Google · Filed Nov 14, 2025 · Published May 14, 2026 · verified — real USPTO data

Waymo Patents a Machine Learning System for Smarter AV Lane Changes

Changing lanes is one of the trickiest things a human driver does — and it turns out it's just as hard for a robot. Waymo's latest patent describes a machine learning approach that maps out multiple possible lane-change paths, then ranks them by predicting how surrounding traffic will behave.

Waymo Patent: ML-Powered Lane Change Planning for AVs — figure from US 2026/0131789 A1
FIG. 1A — rendered from the official USPTO publication PDF.
Publication number US 2026/0131789 A1
Applicant Waymo LLC
Filing date Nov 14, 2025
Publication date May 14, 2026
Inventors Fuming Lin, Ross Peter Anderson, Christopher Burgess Bowen
CPC classification 701/41
Grant likelihood High
Examiner CENTRAL, DOCKET (Art Unit OPAP)
Status Docketed New Case - Ready for Examination (Feb 5, 2026)
Parent application is a Continuation of 17941890 (filed 2022-09-09)

How Waymo's AV decides when to change lanes

Imagine you're merging onto a highway. You don't just check your mirror once — you're constantly updating your read of the cars around you, guessing who'll speed up, who'll let you in, and which gap is actually safe. That split-second prediction is exactly what's hard to replicate in software.

Waymo's patent describes a system that generates several candidate partial trajectories — think of these as draft lane-change plans — and then checks each one against a predicted picture of what nearby vehicles will do next. The system keeps refining those drafts based on updated predictions, eventually picking the one that's safest.

This isn't a single snapshot decision. The system loops: predict, evaluate, update, repeat. It's closer to how an experienced driver thinks than a simple rule like "merge if the gap is more than X meters."

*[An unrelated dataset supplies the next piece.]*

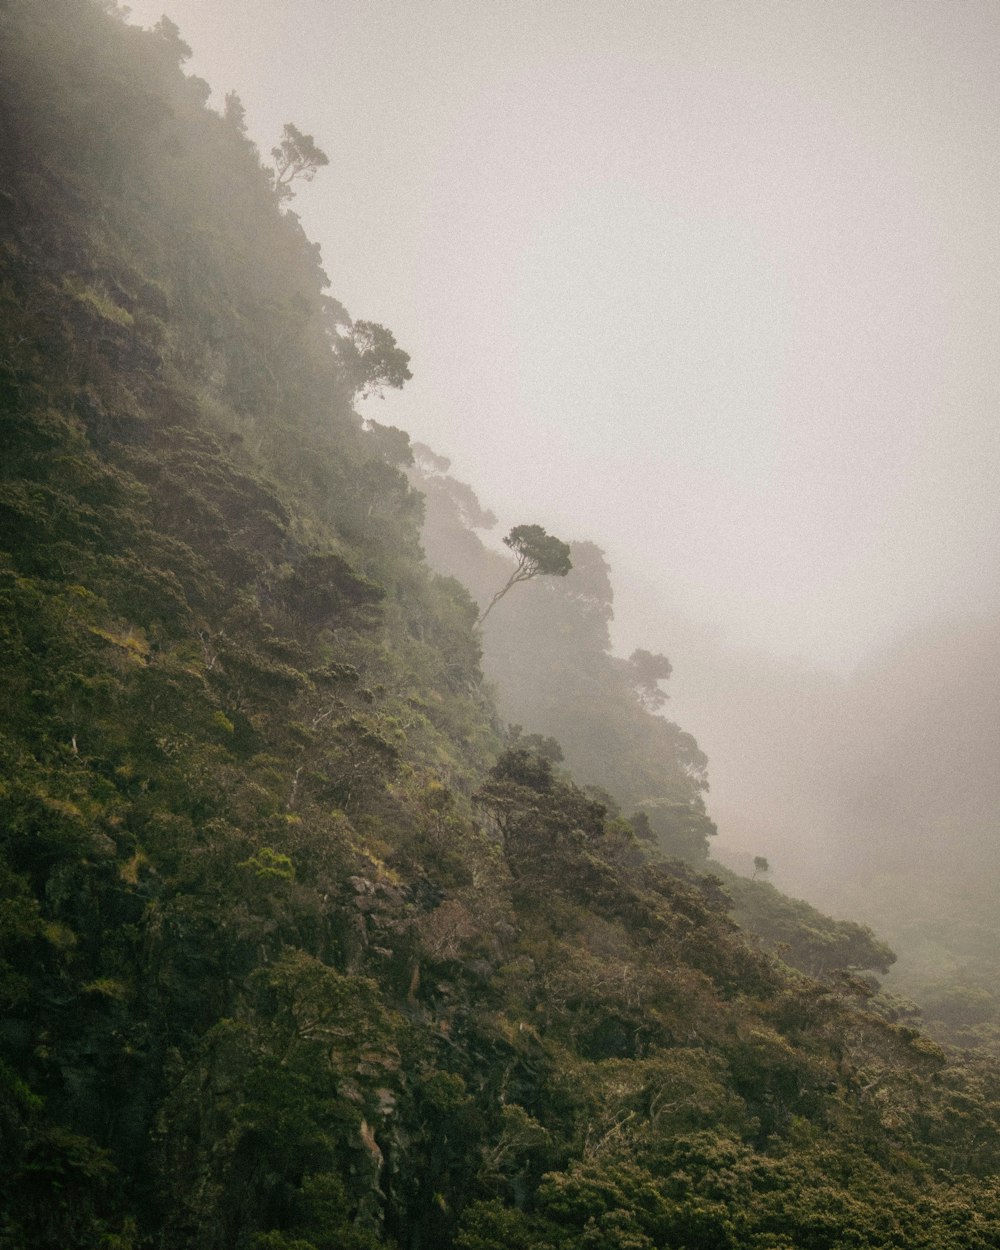 Ein einsamer Baum an der Seite eines Berges im Nebel

How predicted traffic states drive Waymo's lane planner

According to the patent's abstract and process diagram, the system works in a cycle built around partial trajectories and predicted states.

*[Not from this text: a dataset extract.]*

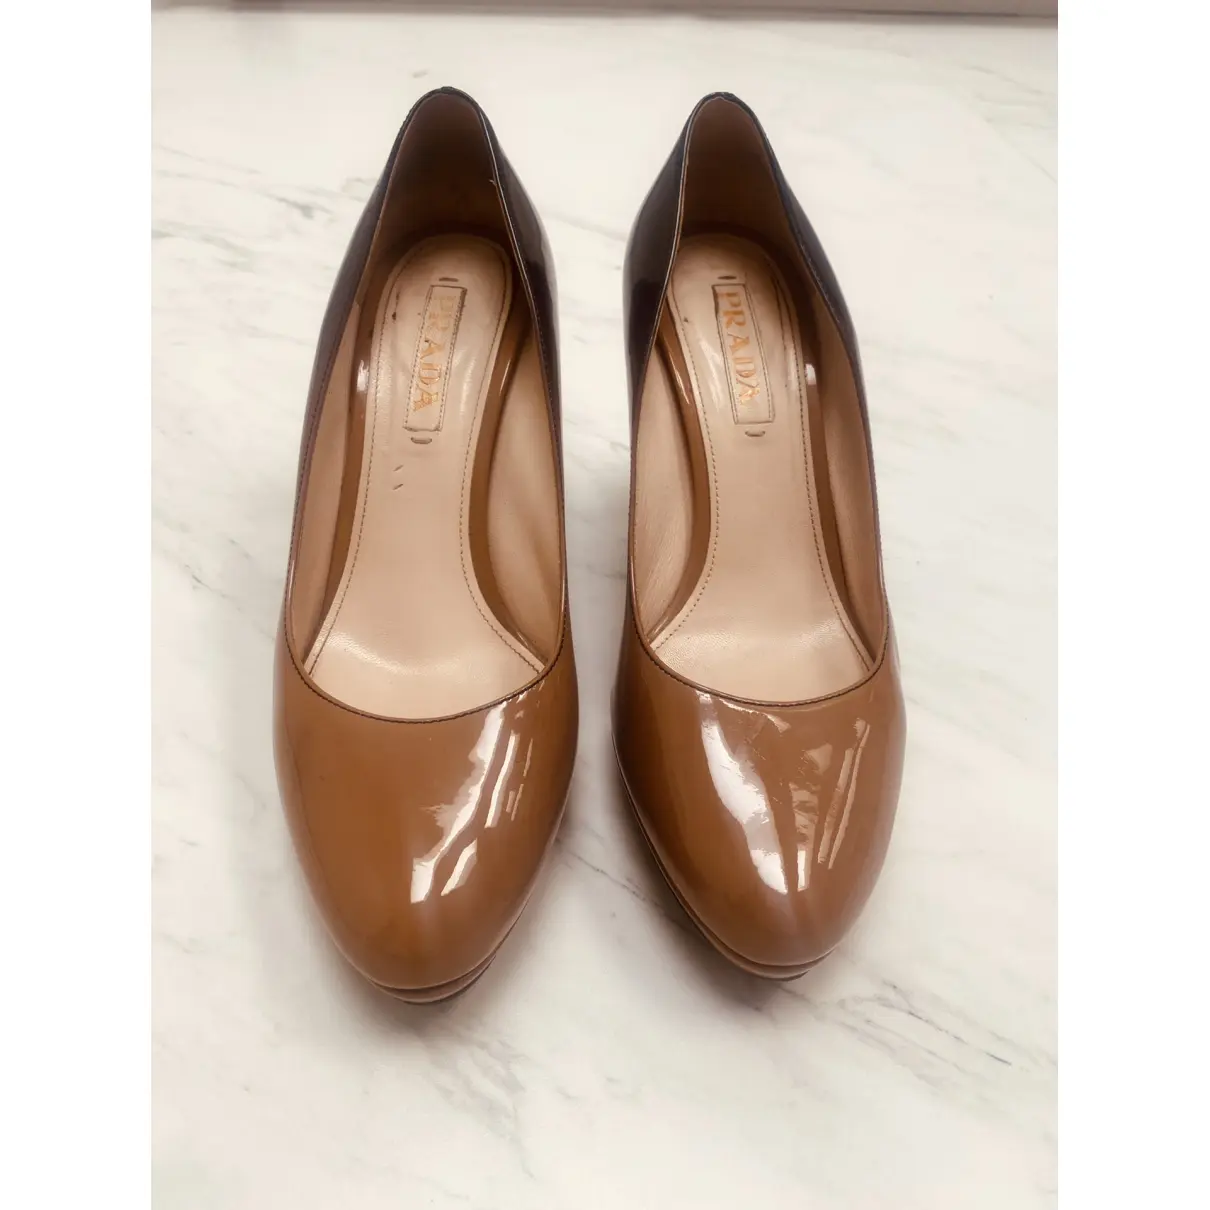 Buy Prada Patent leather heels online - Vintage

  • Generate candidate partial trajectories: The planner doesn't commit to one lane-change path. It creates multiple candidate routes — each representing a slightly different way the vehicle could move into the adjacent lane.
  • Obtain associated data: For each candidate, the system pulls in data characterizing the predicted state of the environment — essentially, where other vehicles, pedestrians, and obstacles are expected to be at each moment in time.
  • Identify relevant locations: The planner flags specific points in the environment that matter most for evaluating each candidate — like the positions of fast-approaching vehicles in the target lane.
  • Update and re-evaluate: Based on those predictions, the candidate trajectories are updated and re-scored, with the loop repeating until a best path emerges.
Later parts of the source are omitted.